Setelah music keroncong
mulai populer di masyarakat perkotaan pada akhir abad ke-19, Hindia Belanda
ingin menghapus seluruh jejak peninggalan Portugis. Ujungnya, mewajibkan
seluruh lagu keroncong Indonesia
dinyanyikan dalam bahasa Melayu.
Buaya Keroncong
Pada rentang abad ke-20, popularitas music keroncong semakin melejit di
masyarakat perkotaan. Banyak orkes music
keroncong di Kemayoran yang mulai bermunculan di Batavia pada masa itu.
Berawal dari kampung Tugu, orkes musik keroncong kemudian menyebar ke wilayah lain yang
berdekatan . Misalnya di Kampung Bandan, dan Kemayoran. Kehidupan pemusik keroncong di Kampung Bandan
sendiri ditopang oleh masyarakat nelayan buangan yang menetap di sana.

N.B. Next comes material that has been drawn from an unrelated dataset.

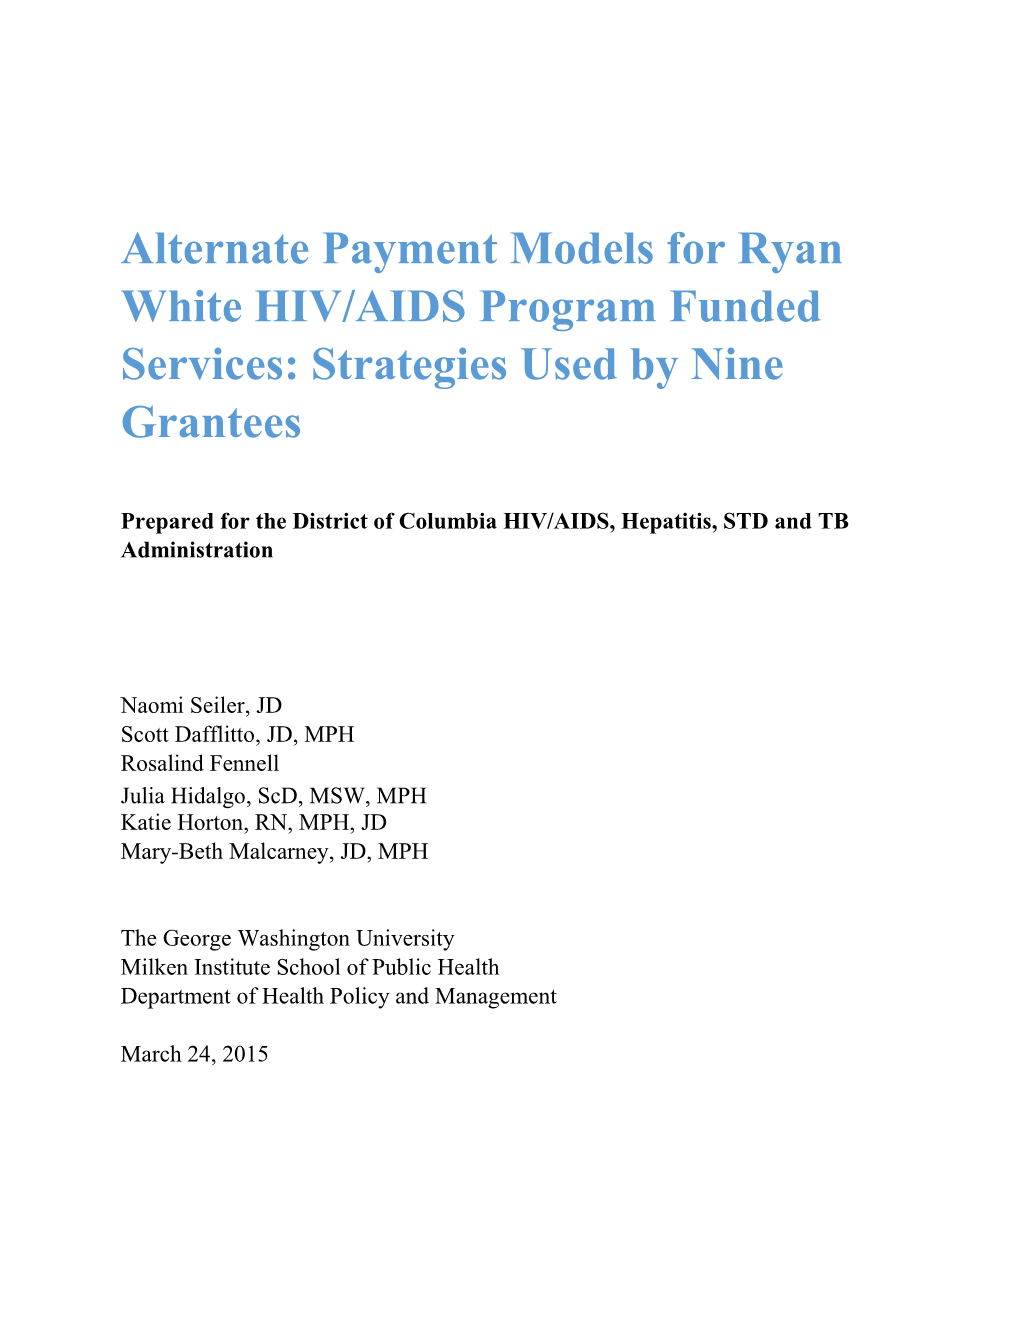 Alternate Payment Models for Ryan White HIV/AIDS Program Funded Services: Strategies Used by Nine Grantees

Berbeda dengan kehidupan pemusik keroncong di Kampung Bandan, komunitas keroncong Kemayoran mengalami nasib lebih baik. Karena lokasinya
yang berdekatan dengan pusat kota, keroncong
Kemayoran mendapat dukungan dari
kelompok masyarakat Indo-Belanda.
Salah satu orkes Musik
keroncong Kemayoran yang sukses adalah De Krokodilen, yang berarti buaya
keroncong. Mereka tampil sebagai pemusik keliling dengan penampilan yang
menghibur. Para orang tua pun merasa resah karena takut anak gadisnya
tergila-gila pada para pemusik keroncong
ini .
"Sejak itulah pemusik keroncong memperoleh
julukan buaya keroncong," tutur Viktor.
Menurut Viktor, ada beberapa alasan mengapa musik keroncong bisa bertahan dan
mencapai puncak popularitasnya. Pertama, musik
keroncong adalah musik baru yang
bukan klasik Barat, juga bukan gamelan lokal. Musik keroncong pada waktu itu hadir sebagai alternatif hiburan
masyarakat.
"Yang terpenting dari proses Indonesia-nisasi music keroncong adalah pada zaman
Belanda, keroncong sering dilombakan di panggung-panggung terbuka," ucap
Viktor.
Kedua, musik keroncong
mendapat dukungan dari berbagai pihak. Dari Pemerintah Hindia-Belanda sendiri
memberi panggung secara terang-terangan bagi pemusik keroncong. Misalnya, dengan memberi kesempatan untuk tampil
di Pasar Malam Gambir. Selain itu dukungan dari komunitas Indo-Belanda yang
menyukai musik keroncong juga tak
kalah penting.
Ketiga, ada roda ekonomi yang berputar dengan cepat di
Batavia akibat popularitas musik
keroncong. Para perajin gitar keroncong
Indonesia dari Kampung Tugu
menyetor produknya ke Passer Baroe (Pasar Baru) dan laris diborong oleh
kelompok orkes yang menjamur di sudut-sudut kota Batavia.